Design Multisite randomised controlled trial.
Setting Seven health regions across Ontario, Canada.
Participants 701 women in the first two weeks postpartum identified as high risk for postnatal depression with the Edinburgh postnatal depression scale and randomised with an internet based randomisation service.
Intervention Proactive individualised telephone based peer (mother to mother) support, initiated within 48-72 hours of randomisation, provided by a volunteer recruited from the community who had previously experienced and recovered from self reported postnatal depression and attended a four hour training session.
Main outcome measures Edinburgh postnatal depression scale, structured clinical interview-depression, state-trait anxiety inventory, UCLA loneliness scale, and use of health services.
Results After web based screening of 21 470 women, 701 (72%) eligible mothers were recruited. A blinded research nurse followed up more than 85% by telephone, including 613 at 12 weeks and 600 at 24 weeks postpartum. At 12 weeks, 14% (40/297) of women in the intervention group and 25% (78/315) in the control group had an Edinburgh postnatal depression scale score >12 (χ2=12.5, P<0.001; number need to treat 8.8, 95% confidence interval 5.9 to 19.6; relative risk reduction 0.46, 95% confidence interval 0.24 to 0.62). There was a positive trend in favour of the intervention group for maternal anxiety but not loneliness or use of health services. For ethical reasons, participants identified with clinical depression at 12 weeks were referred for treatment, resulting in no differences between groups at 24 weeks. Of the 221 women in the intervention group who received and evaluated their experience of peer support, over 80% were satisfied and would recommend this support to a friend.
Conclusion Telephone based peer support can be effective in preventing postnatal depression among women at high risk.

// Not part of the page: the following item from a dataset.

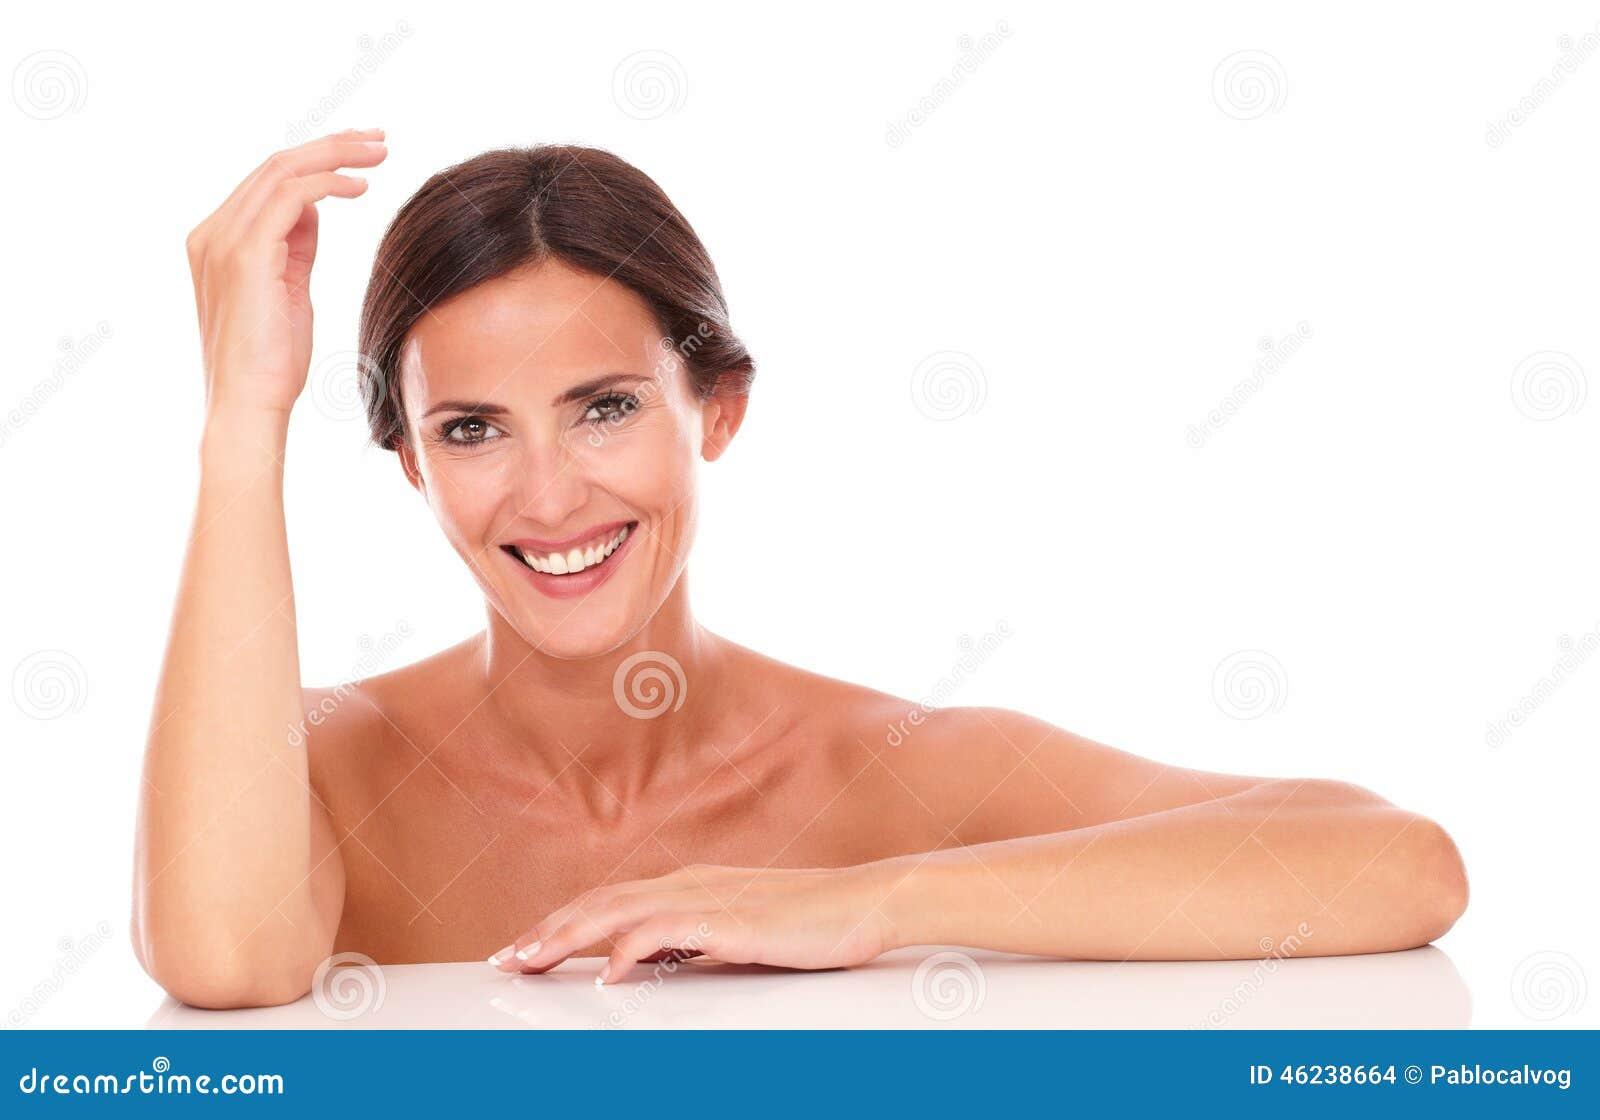 Free mature nude thumbs

Trial registration ISRCTN 68337727.
Contributions: C-LD (principal investigator) conceptualised and designed the trial, obtained funding, directed implementation, completed data analysis and interpretation, wrote the draft manuscript, and is guarantor. EH (coinvestigator) assisted in all trial activities including design, funding, implementation, data interpretation, and manuscript preparation. LK (trial coordinator) assisted in all trial implementation procedures including managing the population based screening activities, completing participant recruitment, overseeing intervention implementation and data collection procedures, and performing database management activities. JW (senior trial coordinator) assisted in all trial activities including design, funding, budget management, implementation, database management, data interpretation, and manuscript preparation. JZ (coinvestigator and health economist) assisted in designing the trial economic evaluation, obtaining funding, and data interpretation. DS (coinvestigator and psychiatrist) assisted in trial funding and was available for clinical consultation during implementation. AK (coinvestigator and biostatistician) assisted in trial funding, data analysis, data interpretation, and manuscript preparation. All authors have commented on the manuscript.

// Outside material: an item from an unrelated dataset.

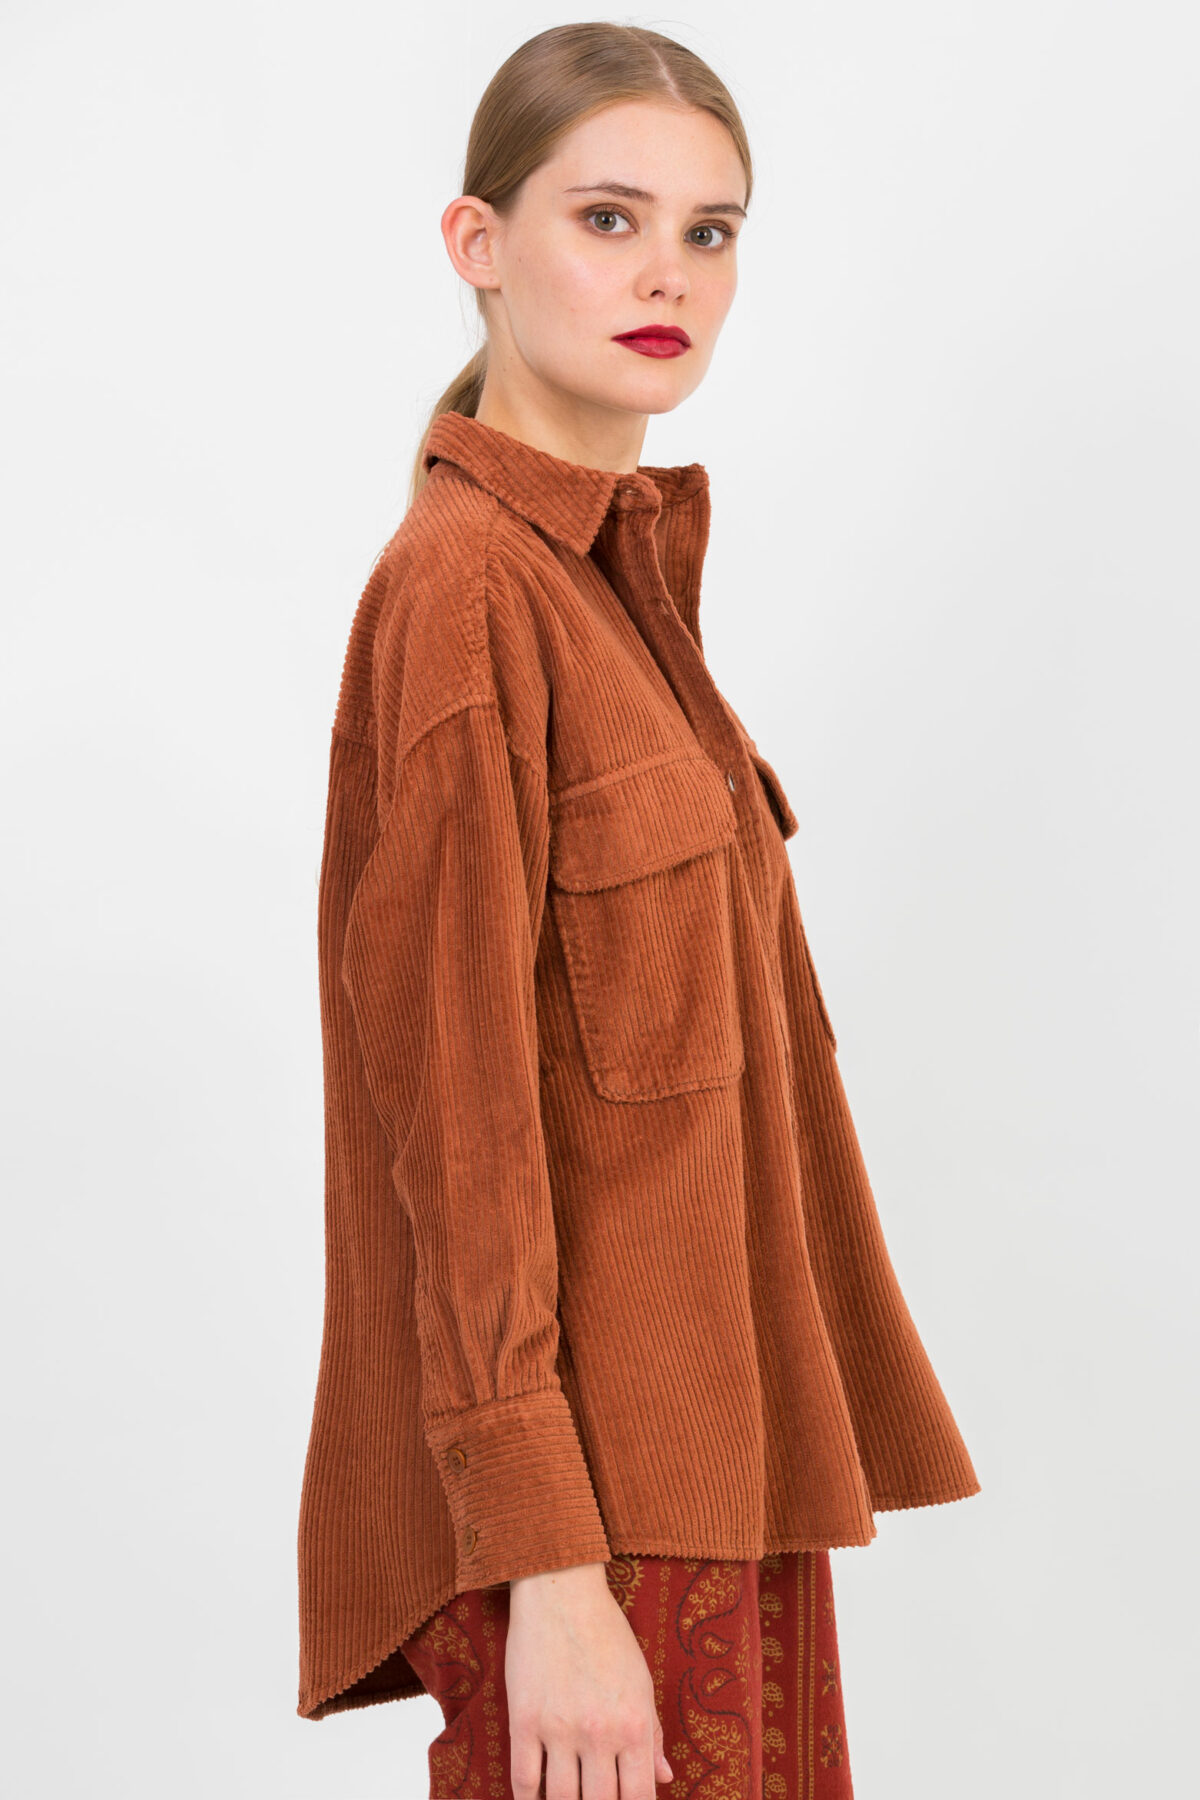 collins-brick-corduroy-overshirt-reiko-matchboxathens

Funding: This work was supported by the Canadian Institutes of Health Research grant number MCT 66874. This trial was conducted and data analysed with complete independence of the researchers from the Canadian Institutes of Health Research.

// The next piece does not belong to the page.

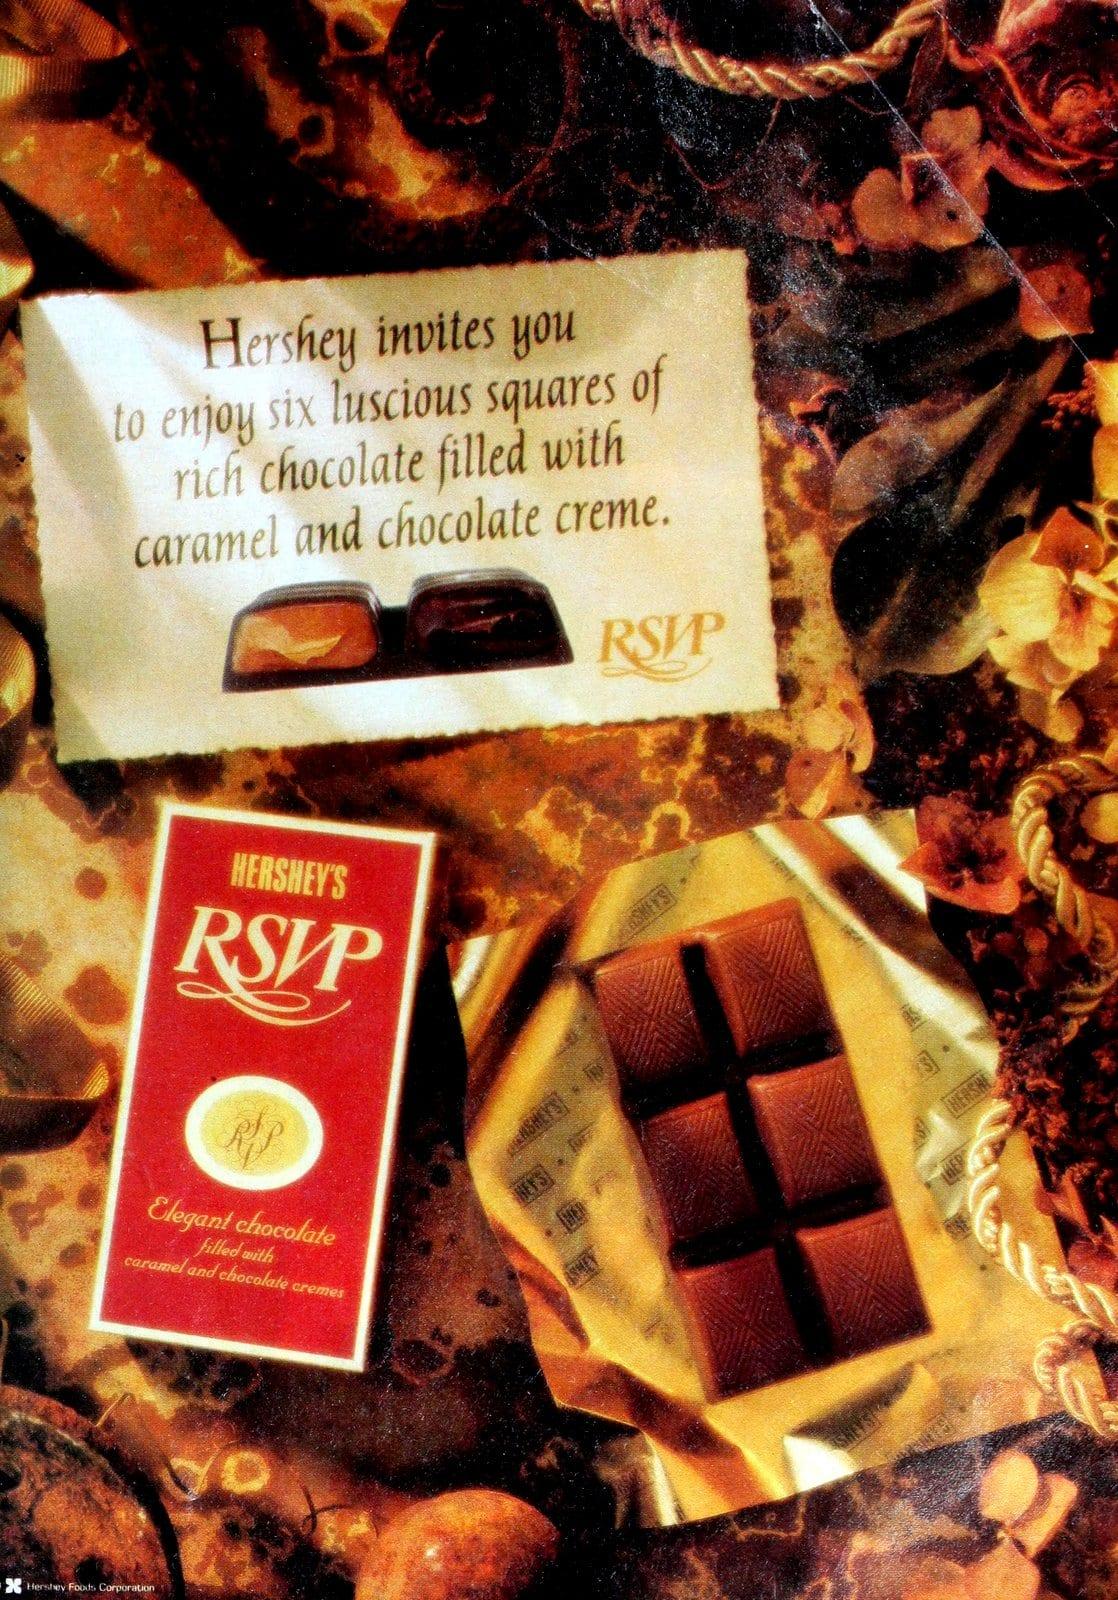 Retro candy - Hershey's RSVP chocolate squares (1990)

Competing interests: None declared.
Ethical approval: This study was approved by the University of Toronto ethics committee and ethical review boards of participating health regions. Informed consent was given by all participants.
Provenance and peer review: Not commissioned; externally peer reviewed.
This is an open-access article distributed under the terms of the Creative Commons Attribution Non-commercial License, which permits unrestricted use, distribution, and reproduction in any medium, provided the original work is properly cited.